I am looking to evaluate Endeca for implementing search for a help-center kind of a site where there are list of questions and answers available and the requirement is to provide a search for this content. The guest user can type in question or some search terms in the box to get the right question and ultimately the answer to the question.
However; what I see from the basic tests is that there will be demand of natural language search for verbal matching. I understand that some part of this feature is supported by stemming in Endeca but that dictionary is not the complete list. It will not be a scalable solution to have business update this word forms in the stemming dictionary time and again for such requirement.
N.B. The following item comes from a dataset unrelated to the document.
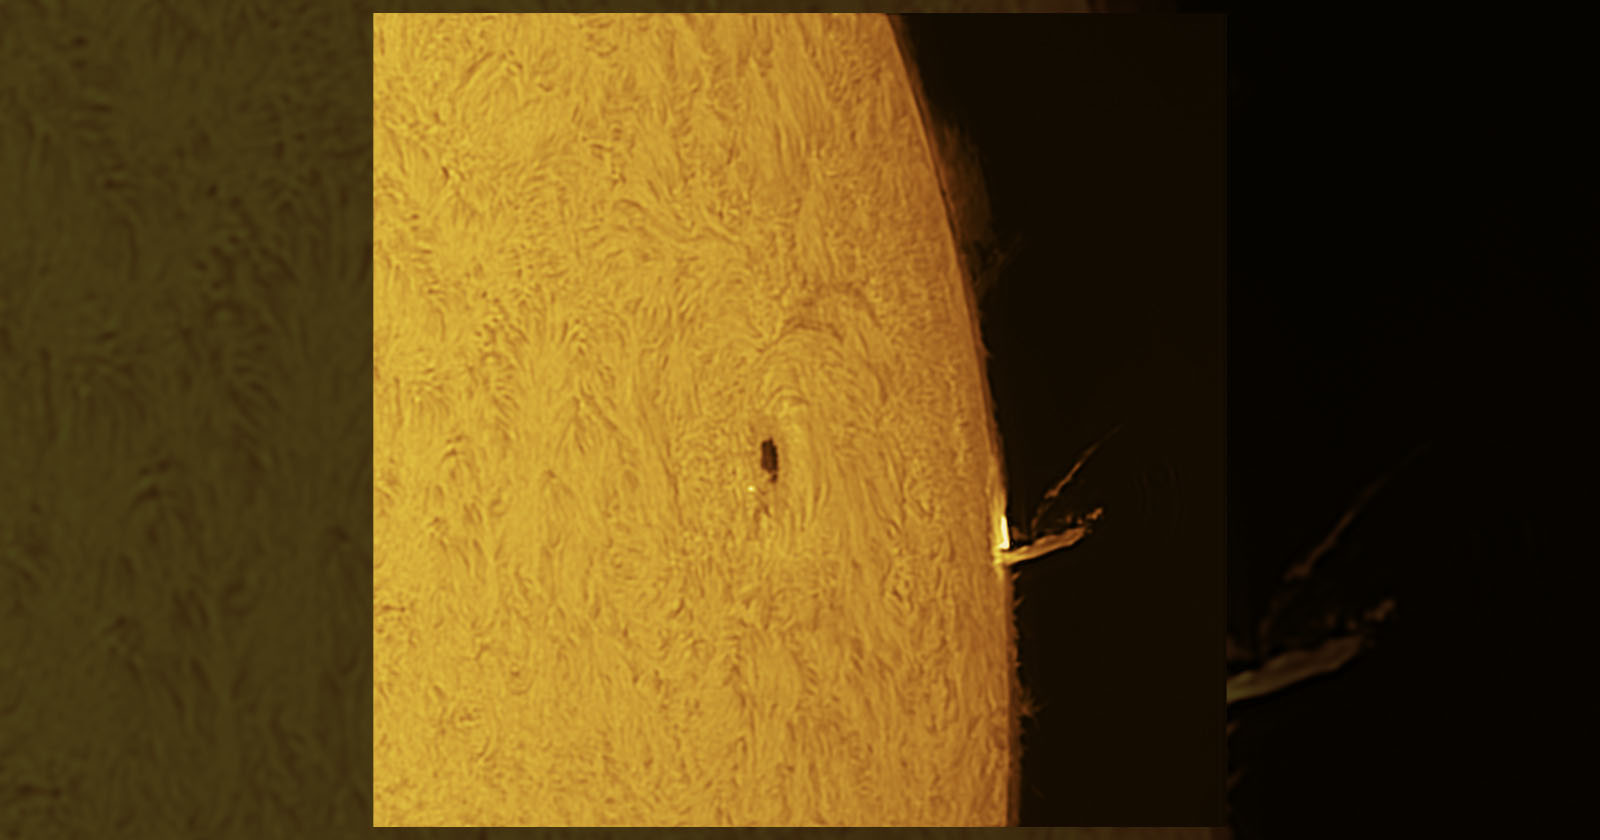  astrophotographer captures massive explosion sun surface

Are there any thoughts on the above problem ? What can be the possible ways to move ahead ?
Here's a few tips:
- First, Endeca doesn't do natural language processing. It is very literal with the words that are entered and matched.
- By default, the MDEX limits the number of search terms to 10 by default. Meaning if you entered 11 or more terms, terms #11 and so-forth would be ignored.
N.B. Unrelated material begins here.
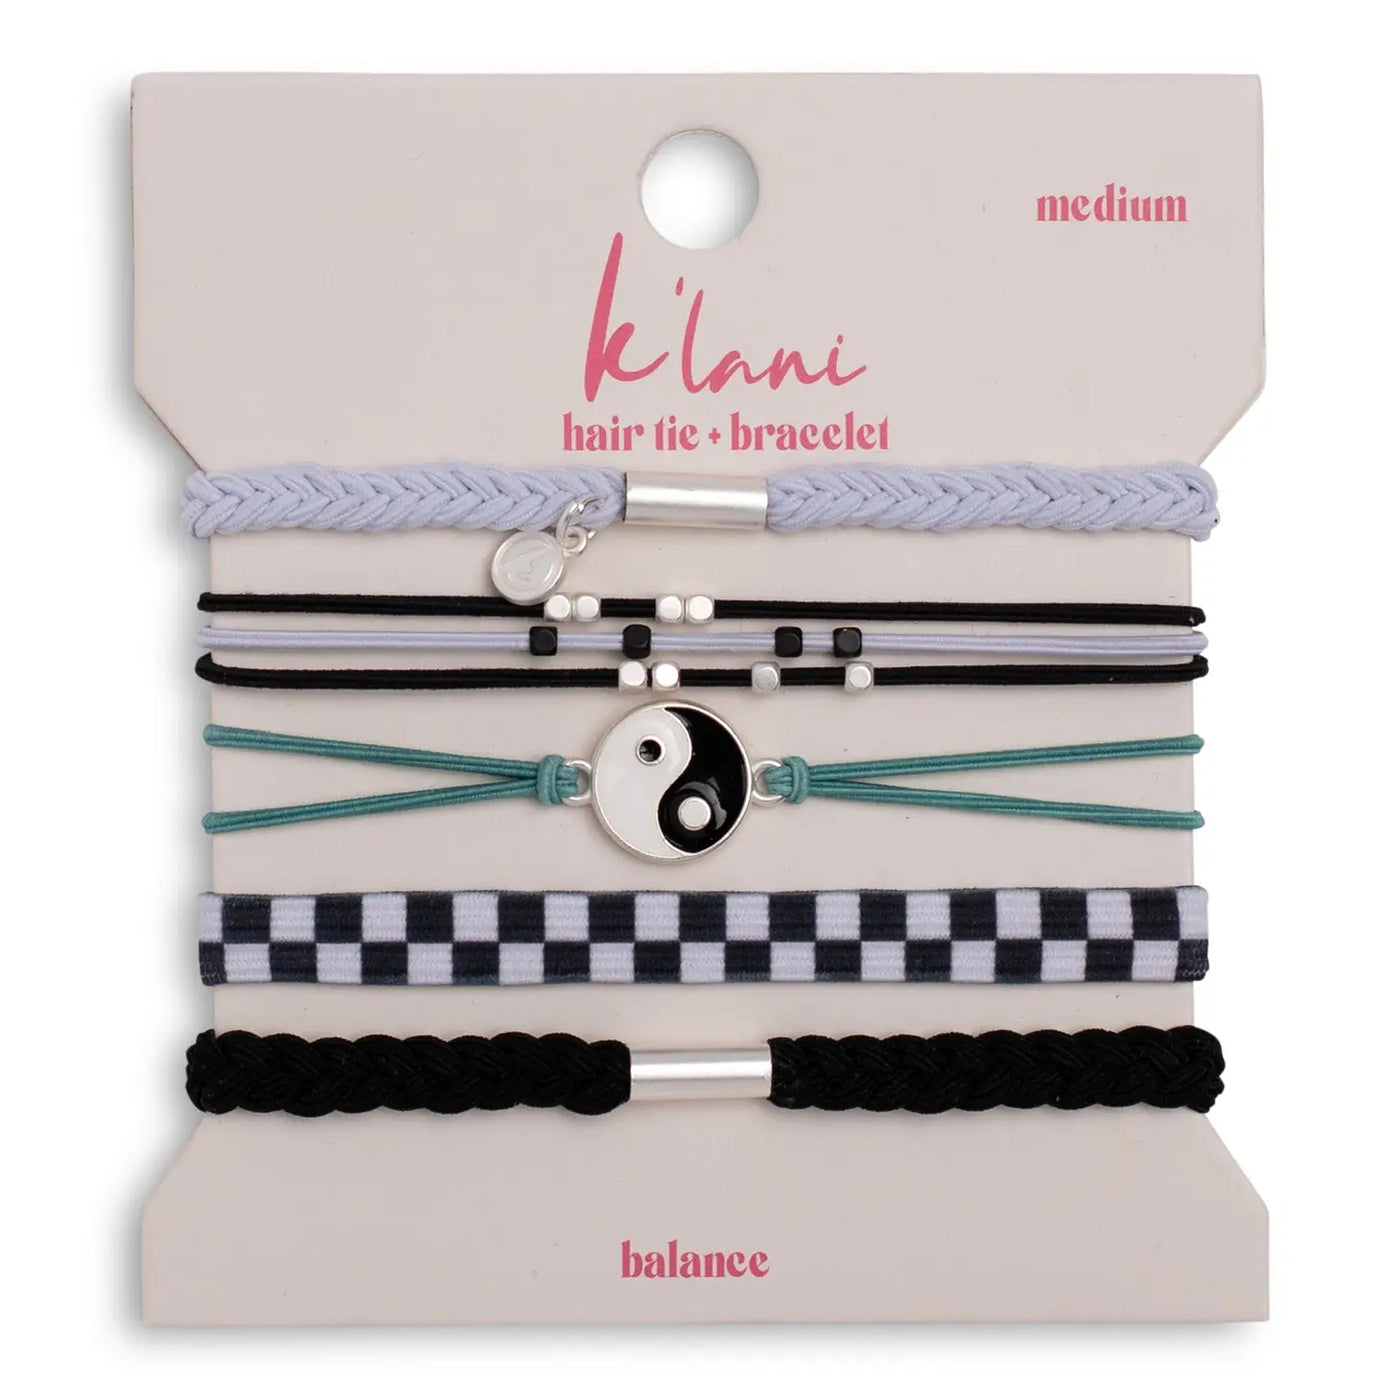 K'lani Hair Tie Bracelet- Balance

- You can increase this by setting the --search_max flag (typically configured in the <dgraph-defaults> section of your appConfig.xml
- Now, you can increase this to be quite large (say 200 terms). Then, when a customer enters in their problem description, it won't ignore terms.
- Use the "Match Any" match mode. Now, this might give you a lot of search results, but that goes to my next point.
- Use the NTerms match mode as your first relevancy ranking module. This will order the results based on the number of terms
- Make sure you have a good set of "Stop Words", like "the a and it was is of", etc.
So now what will happen is that the customer will enter their problem, and you'll submit the whole thing to the mdex. The MDEX will throw out the stop words, and then order the results based on the number of terms that matched.
Some other relevancy modules to think about:
- WFreq / Weighted Frequency. This counts the frequency of words that are more important.
- Stay away from Phrase and Exact. They'll almost certainly be too slow.
- Use a Static module based on the view count of an article, so that more popular articles will show up first.
You might also want to turn off these MDEX features:
--wb_noibrk Disables word-break insertion analysis.
--wb_norbrk Disables word-break removal analysis.
If you're going to submit big sets of search terms, those features will probably be too slow.